Quick Reference: Tool Categories
Protein & Gene Tools
UniProt, Proteins API, MyGene, Ensembl tools
Structure Tools
RCSB PDB, PDBe, AlphaFold, InterPro tools
Drug & Compound Tools
ChEMBL, PubChem, DGIdb, ADMET-AI, DrugBank tools
Disease & Phenotype Tools
OpenTargets, ClinVar, GWAS, HPO tools
Expression Tools
GTEx, Human Protein Atlas, CELLxGENE tools
Variant Tools
gnomAD, ClinVar, dbSNP tools
Pathway Tools
Reactome, KEGG, WikiPathways, GO tools
Literature Tools
PubMed, EuropePMC, OpenAlex, SemanticScholar tools
Clinical Tools
ClinicalTrials.gov, FAERS, PharmGKB, DailyMed tools
Troubleshooting Common Issues
"Tool not found"
- Search for similar tools using Tool_Finder
- Check spelling of tool name
- Try alternative tools for same data type
"Empty results"
- Check spelling of query terms
- Try synonyms/aliases
- Try alternative databases
- Verify IDs are correct type
"Conflicting data"
- Note all sources
- Prefer curated databases
- Document the conflict in report
- Use evidence grading
"Incomplete picture"
- Search for more tools
- Query additional databases
- Follow cross-references
- Expand via literature
Strategy 10: English-First Tool Queries
CRITICAL: Most ToolUniverse tools only accept English terms.
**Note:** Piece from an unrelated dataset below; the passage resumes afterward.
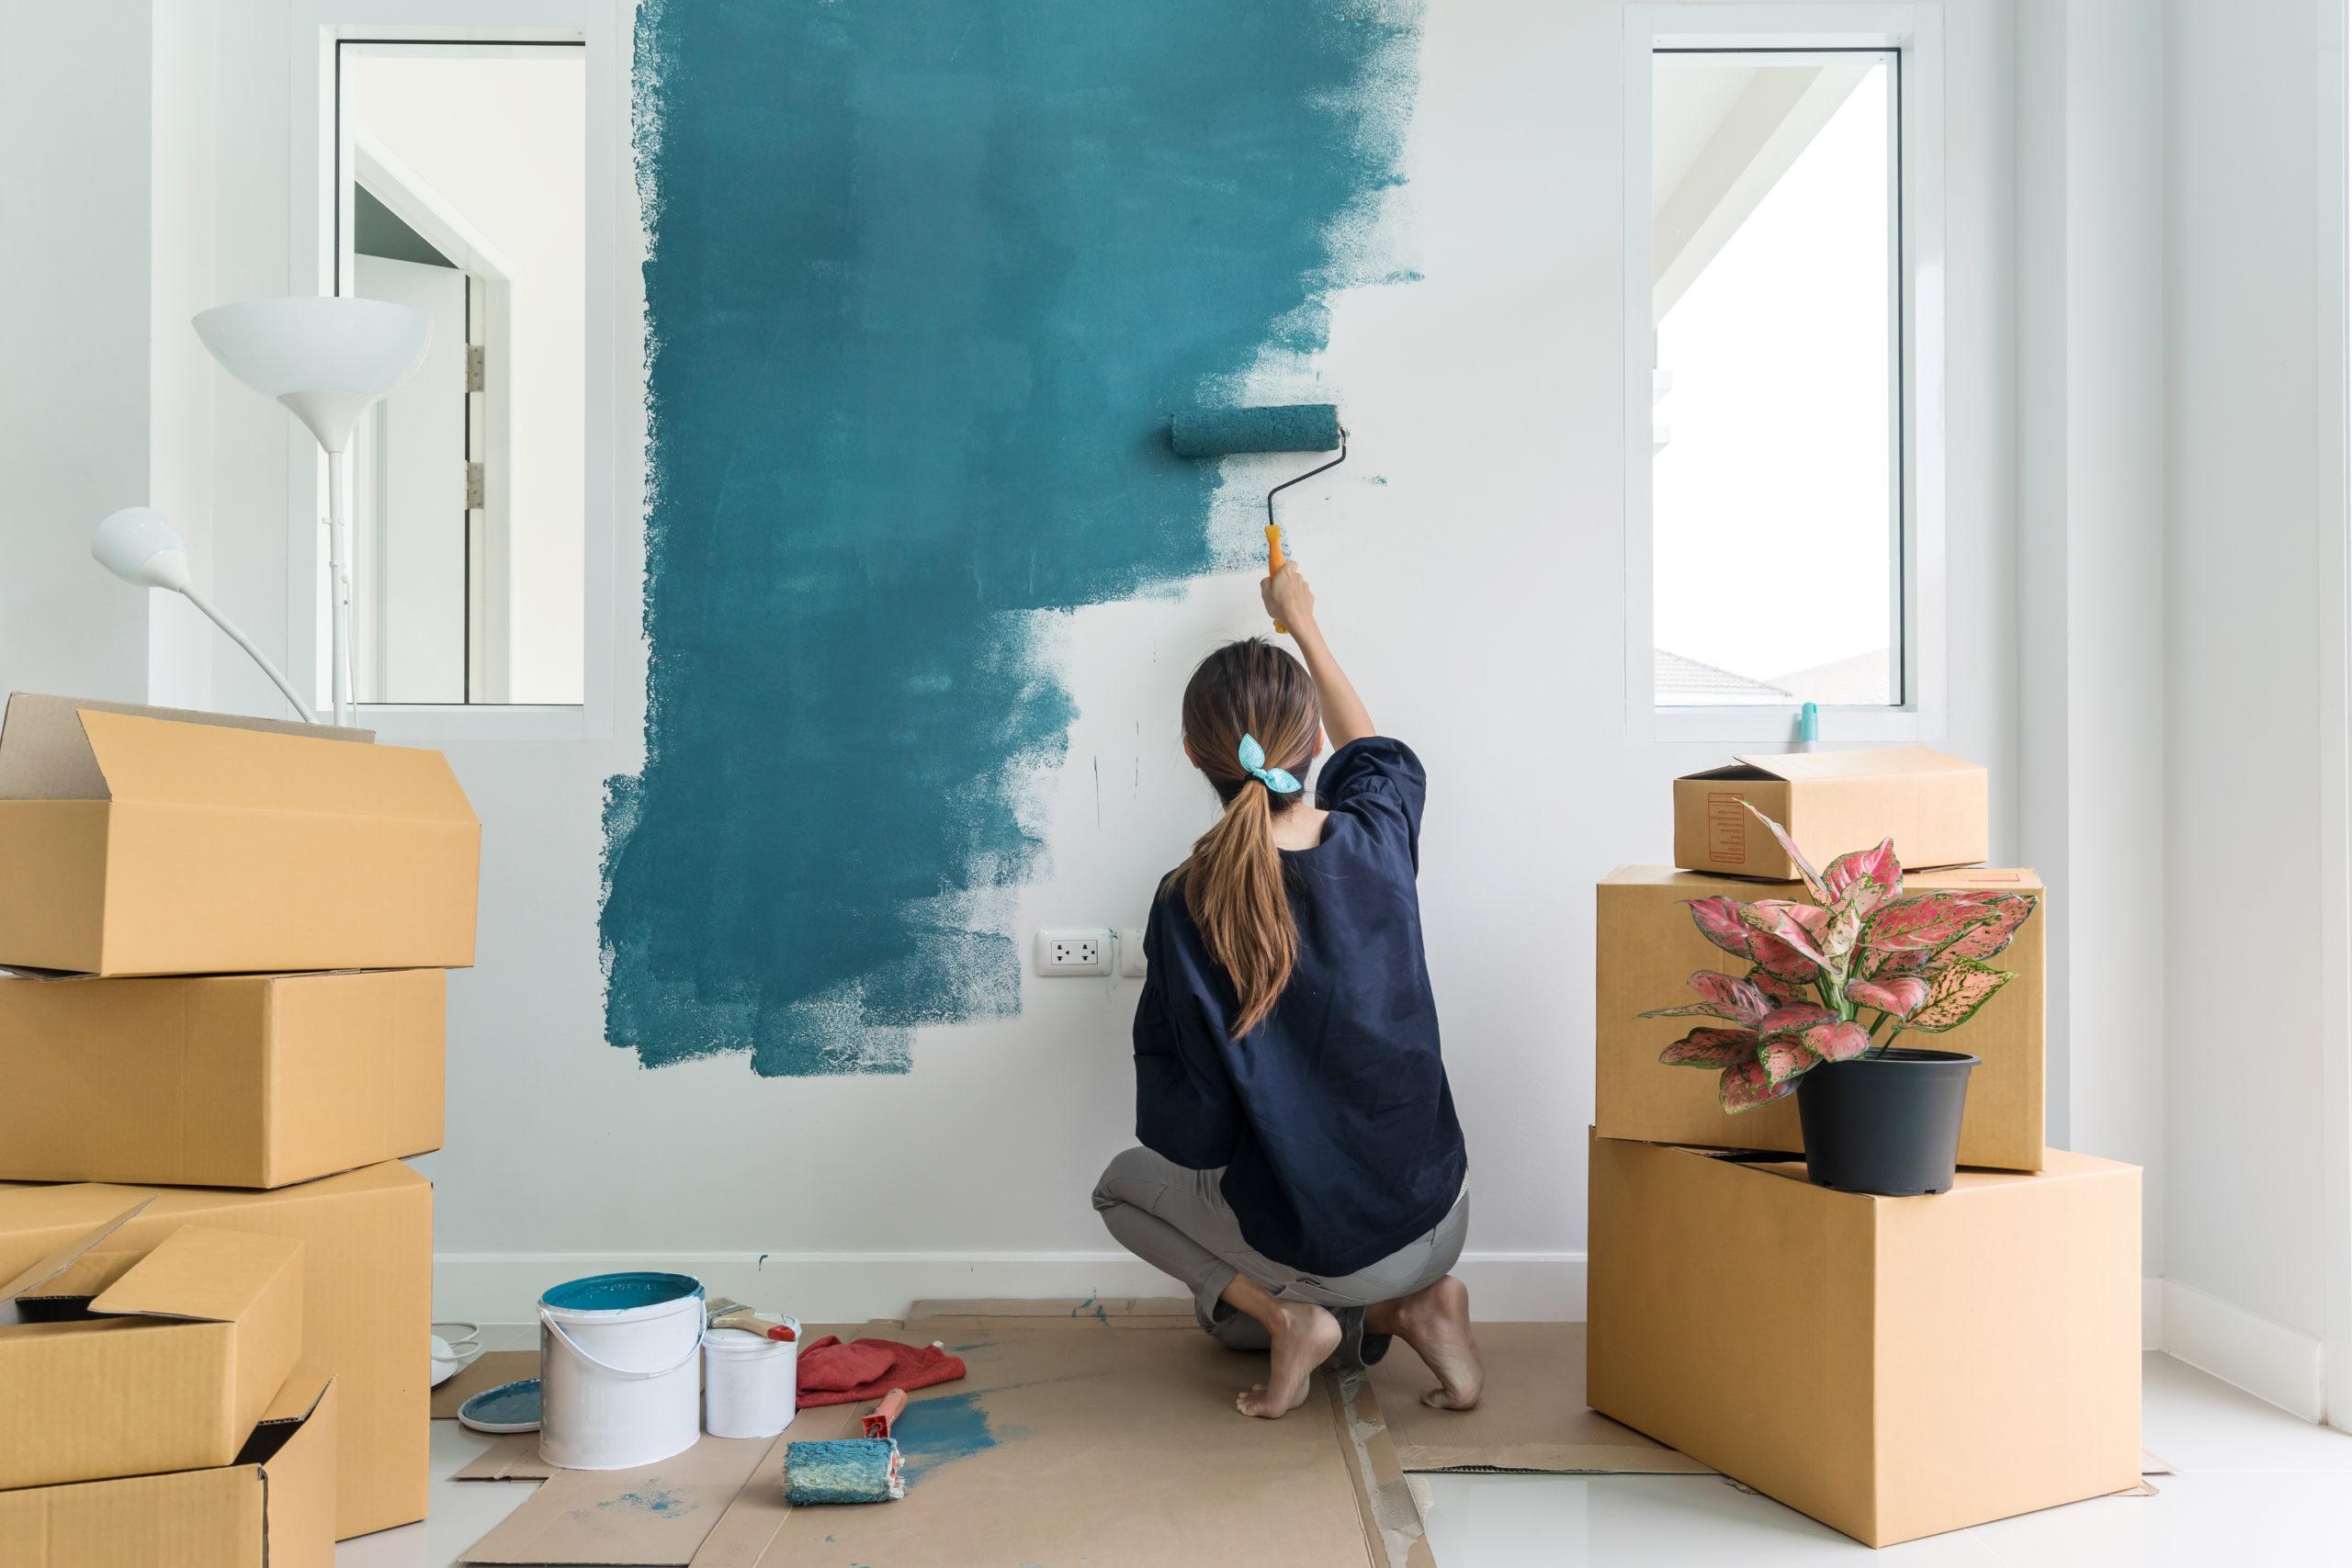 Home DIY kneeling painting interior wall

Always translate queries to English before calling tools, regardless of the user's language.
Language Handling Rules
- Default to English - All tool calls must use English search terms, entity names, and parameters
- Translate non-English input - If the user's question is in Chinese, Japanese, Korean, or any other language, translate the relevant scientific terms to English before making tool calls
- Respond in the user's language - While tools must be queried in English, deliver the final report/answer in the user's original language
- Fallback to original language - Only if an English search returns no results, retry with the original-language terms
- Check tool descriptions - A few tools may explicitly document multi-language support; use the original language only when the tool description says so
Examples
User (Chinese): "研究EGFR靶点"
→ Tool calls: use "EGFR", "epidermal growth factor receptor" (English)
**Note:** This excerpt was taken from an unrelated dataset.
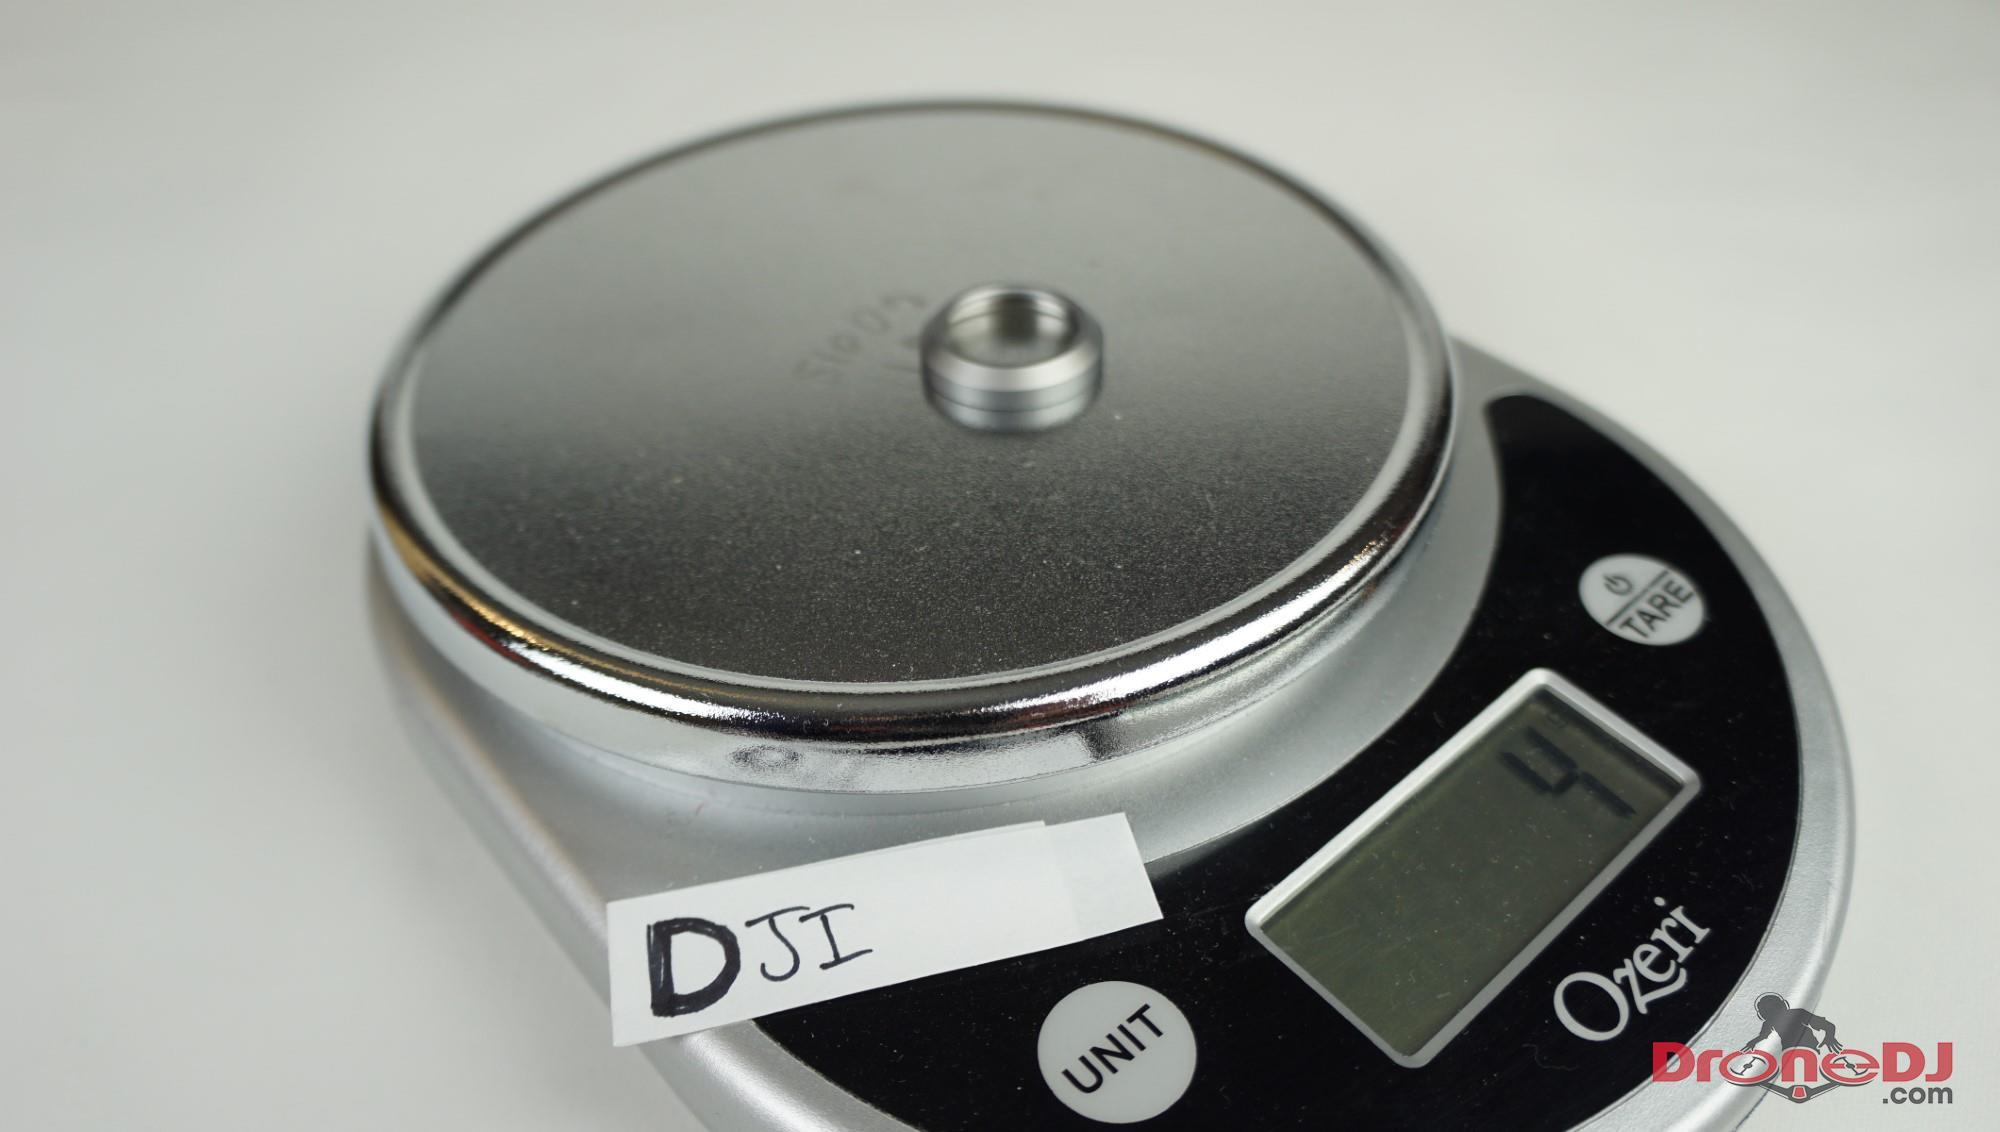 mavic 2 filter weight

→ Report: deliver in Chinese
User (Japanese): "メトホルミンの安全性プロファイル"
→ Tool calls: use "metformin", "safety profile" (English)
→ Report: deliver in Japanese
User (Korean): "알츠하이머병 관련 유전자"
→ Tool calls: use "Alzheimer's disease", "associated genes" (English)
→ Report: deliver in Korean
Why This Matters
| Scenario | Wrong Approach | Correct Approach |
|---|
| User asks in Chinese about "二甲双胍" | Pass "二甲双胍" to PubChem search | Translate to "metformin", search in English |
| User asks in Japanese about a disease | Pass Japanese disease name to OpenTargets | Translate to English disease name first |
| User asks in Spanish about a gene | Pass Spanish description to tool | Use standard gene symbol (e.g., TP53) |
Summary: The ToolUniverse Mindset
| Principle | Action |
|---|
| Clarify first | Confirm entity, scope, species, and output before researching |
| Search widely | 10000+ tools; always discover more |
| Multi-hop persistence | 5-10 tool calls per question is normal |
| Cross-reference | Query multiple databases for same data |
| Disambiguate first | Resolve IDs before research |
| Never give up | Fallbacks for every failure |
| Report comprehensively | Detail with sources and evidence grades |
| Use specialized skills | Apply domain-specific skills for focused tasks |
| Execute in parallel | Speed through concurrent execution |
| Check completeness | Ask "what's missing?" and fill gaps iteratively |
| English-first queries | Translate to English for tool calls; respond in user's language |
The goal: Transform 10000+ tools into comprehensive, reliable scientific intelligence.